WorkFlowy: moving, organizing, decluttering
Frank Degenaar
Transporters and the suspension of disbelief
Moving house is a pain in the butt during the rainy season in the Northeast of Brazil. Last week I had to get my worldly possessions from one apartment to another. It is no less of an organizational and physical challenge moving a mere 4 blocks down the road. More than once I caught myself contemplating the convenience of the Star-Trek-style transporters - say that 3 times. Would you turn down the opportunity to beam your inanimate objects over to your new abode?
The more one indulges in science fiction, the more one engages in the willing suspension of disbelief... and carries the same "impossible" technological concepts over into reality - at least for a few seconds, while one adjusts to the painful absence of such things as cargo bay transporters. But surely there's some sort of technology out there we can really sink our teeth into... something that will make a mammoth task just a tad less mammoth-like?
Back to life, back to reality
So when it dawns on you that you'll have to buckle down and use some elbow grease here on planet earth in the 21st century, the next recourse is an app of some sort. Even if it were possible to dematerialize your stuff and materialize it clear across the city, inevitably you're still going to have to do some brain-wracking: "Let's see... I'm going to need to create a mega list of most of my possessions and organize them into discrete contexts that I can act upon.
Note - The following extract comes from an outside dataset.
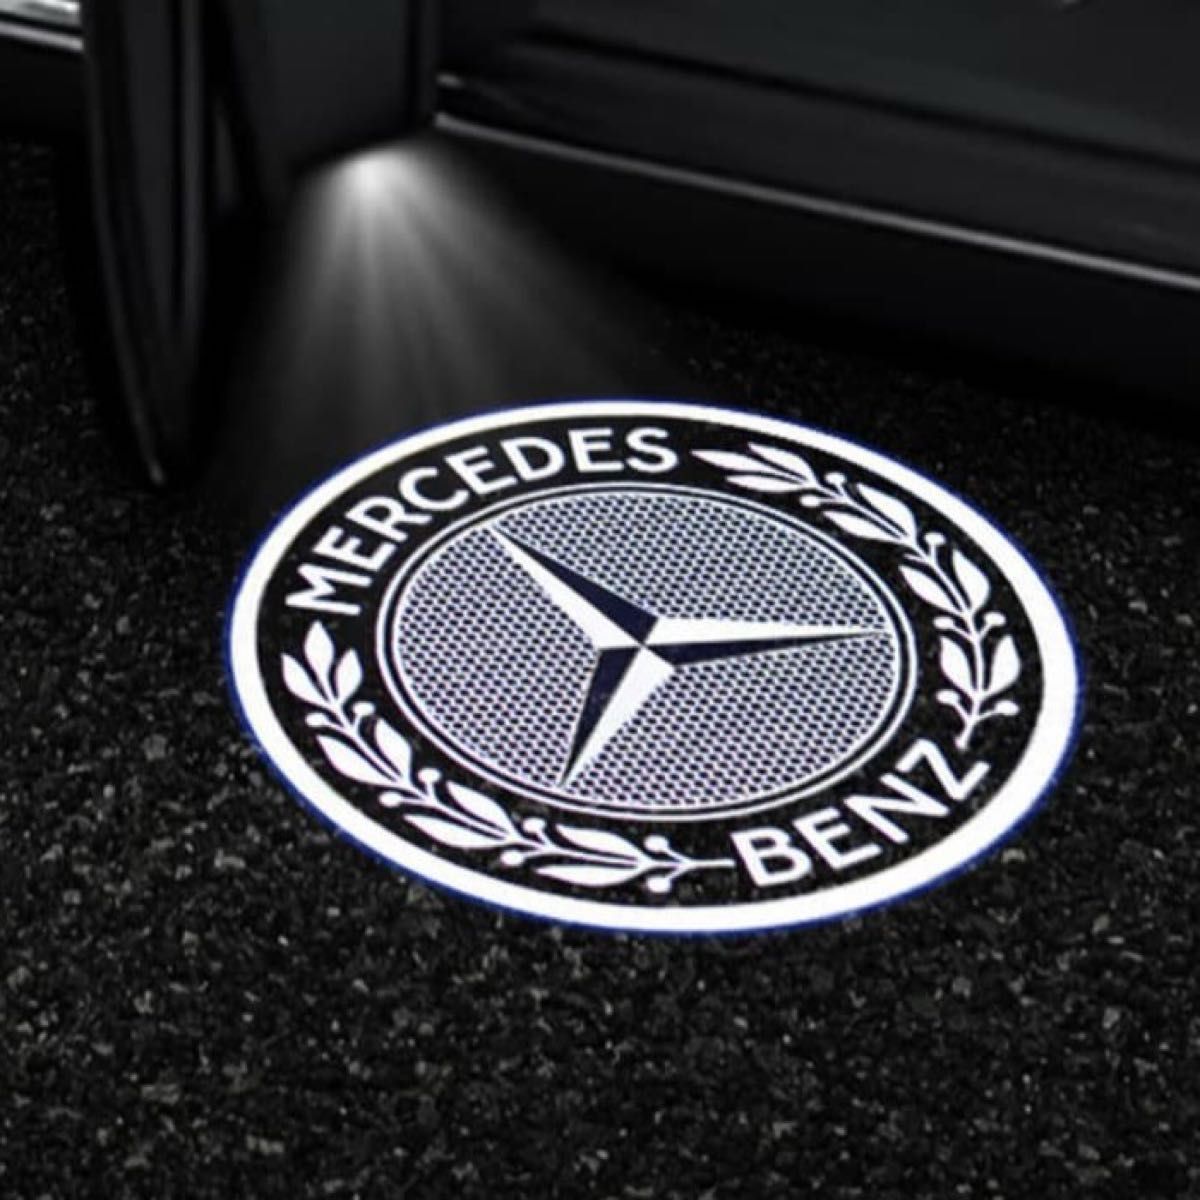 Mercedes Benzメルセデスベンツ Wheat Ears LED カーテシランプ カーテシライト ドア ウェルカムライトr

How do I do this systematically, room by room - yet also be able to easily view that same list according to specific categories, such as the things that I want to throw out, the things I need to disassemble, donate, measure, etc?"
Modus operandi
With my iPhone in hand and WorkFlowy, it took just a wee bit over an hour to whiz through the apartment, room by room, and complete my list - most of the action decisions being made on the spot. I used iOS' dictation to speak my list out item by item in WorkFlowy, including the hashtag (#) command when creating tags.
- I created my main list: "ROOM BY ROOM"
Under the main list, I thought of all the actions or decisions I might have had to take and created a corresponding list of tags under the header by setting up a note (That way my list of tags appears just below the list title without creating a bullet point): #Disassemble #Leave #Sell #Donate #Fix #Clean #Trash #Wtf #Sort #Measure #Paint #Now
- Next, a separate list for each room: Exercise room, Bathroom, Living room, etc.
- Under each sublist of different areas of the apartment, I listed furniture and the general contents of closets and boxes, etc.
- Alongside each item, I included an appropriate tag or set of tags... and thereunder, when required, a measurement.
Hunting and gathering
Once I got my list down, I could then go ahead and hit any of the tags just below the main list title. WorkFlowy then filters by tag, gathering like tags dispersed across your sublists. In so doing, I was able to batch my tasks and focus on like tasks one at a time... and still have them listed by room. You can drill down to more specifics if you give your items more than one tag and subsequently filter by 2 or more of those tags, i.e. #Disassemble + #Donate + #Now.
- I could get busy and #Disassemble/ break down/ uninstall furniture, ceiling fans etc.
- I could visualize a separate list of things I wanted to get rid of (#Trash, #Donate or #Sell), since I was downsizing my square meterage moving to the new apartment.
- I could easily access a list of things I wanted to #Paint.
- I could double check my list of things I initially decided to #Leave behind.
- I could easily reference the items I wanted to salvage and needed a few bits and bolts for from the hardware store to #Fix.
- I had to #Measure certain pieces of furniture to see whether they would even fit in the new apartment.
- I wanted to further #Sort through a couple of things that I had gathered over the last 6 years of living in Brazil - such as cables and electronic adaptors etc. that I had never needed to use. Basically an opportunity to declutter my life.
- I even had a #Wtf tag to group those items together that I had no clue what to do with at first glance. One of them was whether to find a new (loving and caring) home for my daughter's hamster or to take him (Mickey) with.
- My #Wtf list obviously got shorter as I figured out the course of actions to be taken, but for posterity I have left a few in the list I have shared with you (for tinkering purposes).
- On that note, when you want to bulldoze through a bunch of tags and eliminate them, the desktop shortcut (Alt + click) while hovering over any tag will explode it. You can blow up a number of like tags in quick succession by hitting Alt + click, click, click... All you need to do is filter by a particular tag and get busy exploding.
- I had a #Now tag, to quickly isolate any tasks that I was attempting to focus on at any given moment.
Closing a chapter...
You can go to town on GTD tags (or any other tag that gets the job done) or even set up Kanban stages to complete your tasks. This time 'round I decided to use WorkFlowy's "Complete" feature and set it to "Hidden", thereby visually simplifying and whittling my list down as I completed them. Pure simplicity.
If you want to quickly eliminate items from your list (strikethrough), the keyboard shortcut for that is: Ctrl + Enter while your cursor is on any particular line or after having selected multiple items.
In the beginning I created my list super fast with a smartphone in hand. While doing some reshuffling and admin on my list in general, I used my desktop app. By doing so, you get the best of both worlds: robustness and mobility.